A curfew continues in Bengaluru.  There is no public transportation in Mumbai.  The government in Delhi is still giving us dry rations to distribute at our migrant centers in the city. Informal workers who depend on a daily wage to eat and survive have retreated to rural, family homes, but find no work there.  Domestic workers are not allowed to enter the housing estates where many of them both lived and worked, leaving some middle-class families having to fend with cooking and cleaning themselves for the first time.

ACORN has tens of thousands of members who are hawkers, especially in Bengaluru, Chennai, and Delhi.  Markets are closed where they plied their trade providing fruit and vegetables to daily shoppers.  The organizers report that hawkers able to be mobile on the street are able to make it, but only if they have a cart and can keep moving.  They depend on their work for food, and others depend on the food they provide to survive as well.

The government has announced a program to help hawkers get back on their feet as the pandemic subsides.  Applicants are eligible until 2022, if it takes that long.  Essentially 10,000 rupees would be provided for them to reestablish, so that they can make the purchases for resell.  10,000 rupees is the equivalent of $133 USD.

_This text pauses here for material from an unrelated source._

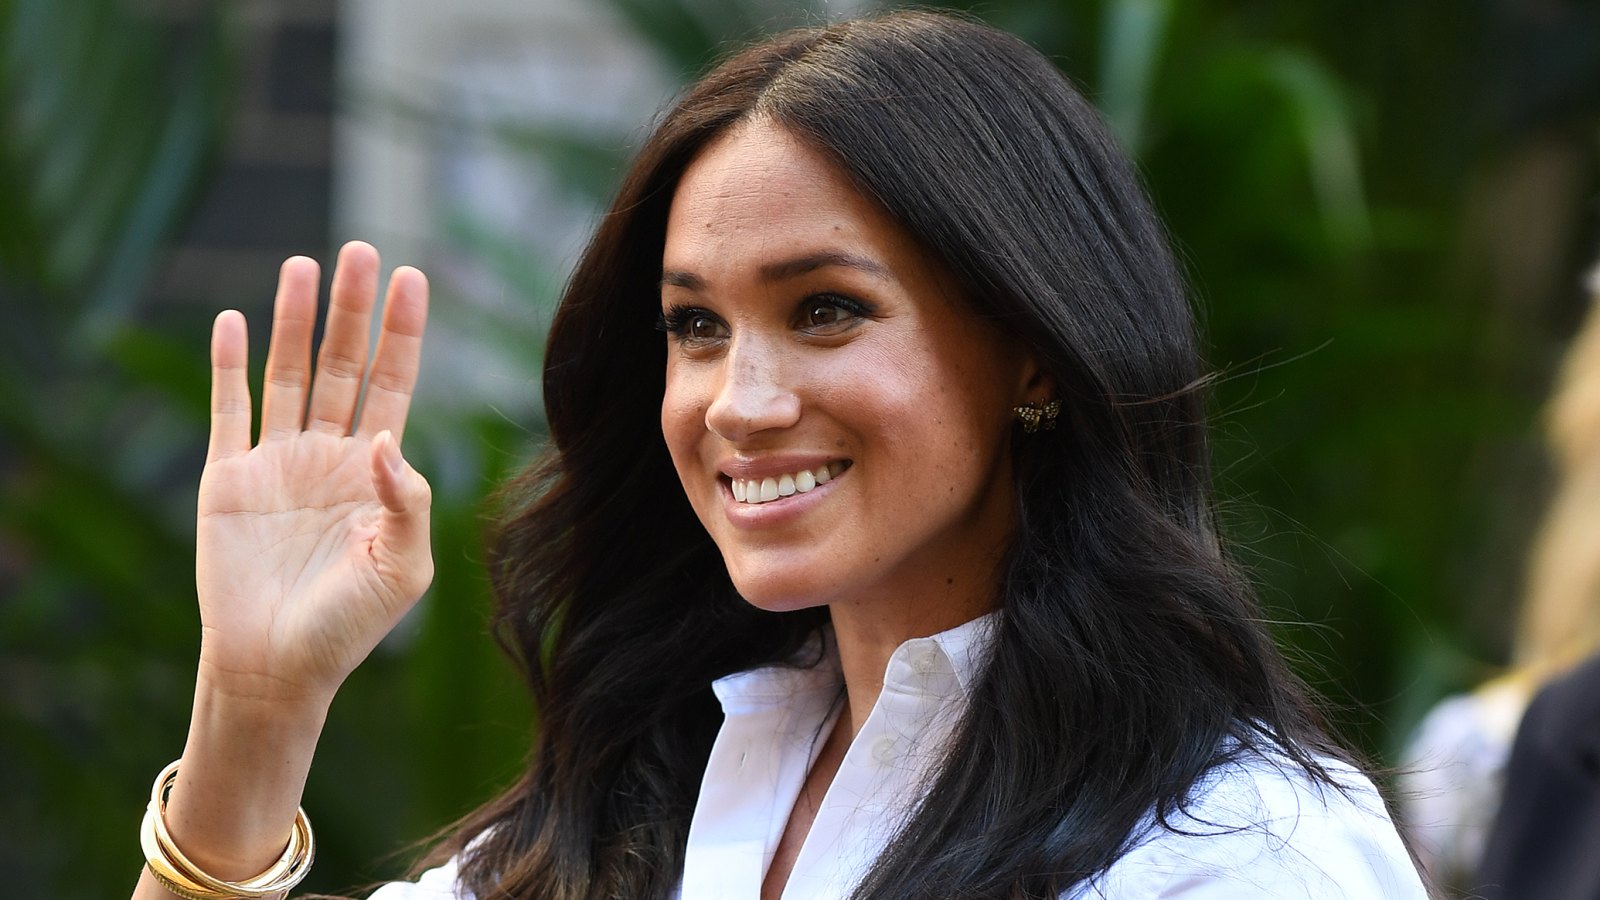 Meghan Markle, Duchess of Sussex, launches the Smart Works capsule in London.

Importantly, the government, recognizing the reality of informal work, allowed hawkers to be eligible, even if not licensed by their local municipalities.  Instead, in a nod to hawkers’ unions, the government’s first proposal asked them to mark one of three national hawkers’ unions where they might be a member in order to vouch for their status as hawkers.  This would have been devastating to our ACORN union membership, because it would in effect be forcing hawkers to join one of the three named unions on the original proposal in order to access the funds.  We mobilized quickly, as we heard about the application process, and in a significant win, convinced the government instead to simply allow hawkers to list their union affiliation in a blank spot on the form.

Good for the hawkers and good for our union.  Unfortunately, as our call ended, that small victory was about the only good news coming out of India in these desperate times.